The popular view was that either John Head or Henry Cutting, or indeed both had been washed out of the boat and that the Lifeboat was actually looking for them. This scenario could be the answer as to why the Lifeboat was in that position, but we shall never know. On the evening of the following day an Inquest was opened at Rye Town Hall, with the Rye Borough Coroner Dr. T. Harrett presiding. The sea worthiness of the Lifeboat and competence of the crew were called into question, but it was emphatically stated that the boat and her crew were absolutely efficient. After evidence of identification and eye witness accounts were given, the Inquest was adjourned until the following evening. On the following evening, accusations were made about the suitability of the Lifejackets. They were said to be perished and worn. As a result they had become water logged and would weigh a man down and drown him. In response the RNLI stated KAPOK N o 3 Lifejacket was adopted by the RNLI in 1917 and were delivered to Rye Harbour in September of that year. The Lifejackets were tried in a heavy gale on the 30th October 1917, and later voted 11 – 6 by the crew as being the most preferred type. The Coroner recorded a verdict of death by accident. In response to the accusations, the RNLI asked the Board of Trade to hold a full enquiry into the disaster. On Tuesday the 20 November the funeral was held. 15 of the crew were buried in a communal grave on that day. When Henry Cutting’s body was found at Eastbourne 3 months later, it was bought back home to be interred in the communal grave with his fellow crew members. Sadly, John Head’s body was never recovered.

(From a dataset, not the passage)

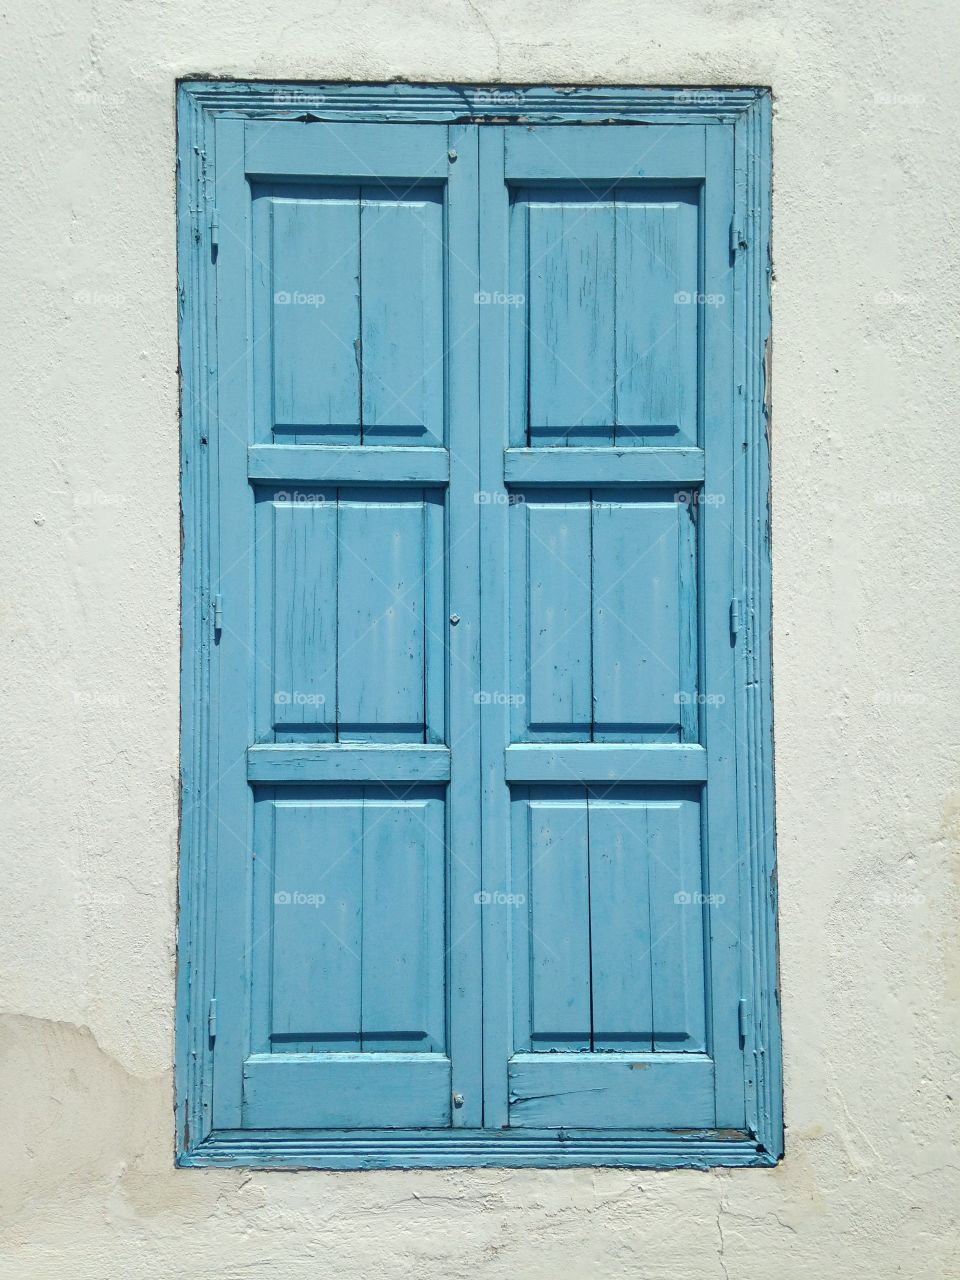 Glossa Shutters. Baking hot day in Glossa on Skopelos. Anyone sensible is behind closed shutters.

Hundreds of mourners from all over the country attended the funeral. Members of the Latvian Government were among the dignitaries present, recognising that the men had lost their lives going to the assistance of a Latvian Vessel. The crew of the Mary Stanford had grown up together, worked and laughed together and were buried together. The Board of Trade Court of Enquiry sat at Rye Town Hall on December 19, 20 and 21 and the following January 1, 2nd and 4th and after all their deliberation the court finally announced:
“As there were no survivors of the crew, the cause of the Lifeboat capsizing is a matter of conjecture, but from the evidence available we are of the opinion that whilst attempting to make the Harbour on a strong flood tide and in high and dangerous breaking sea, she was suddenly capsized and the crew were thrown into the water, two men being entangled under the boat. The broken water and heavy surf caused the loss of the crew”.
The Mary Stanford was eventually taken to RNLI depot at Poplar in east London, where she was dismantled and broken up.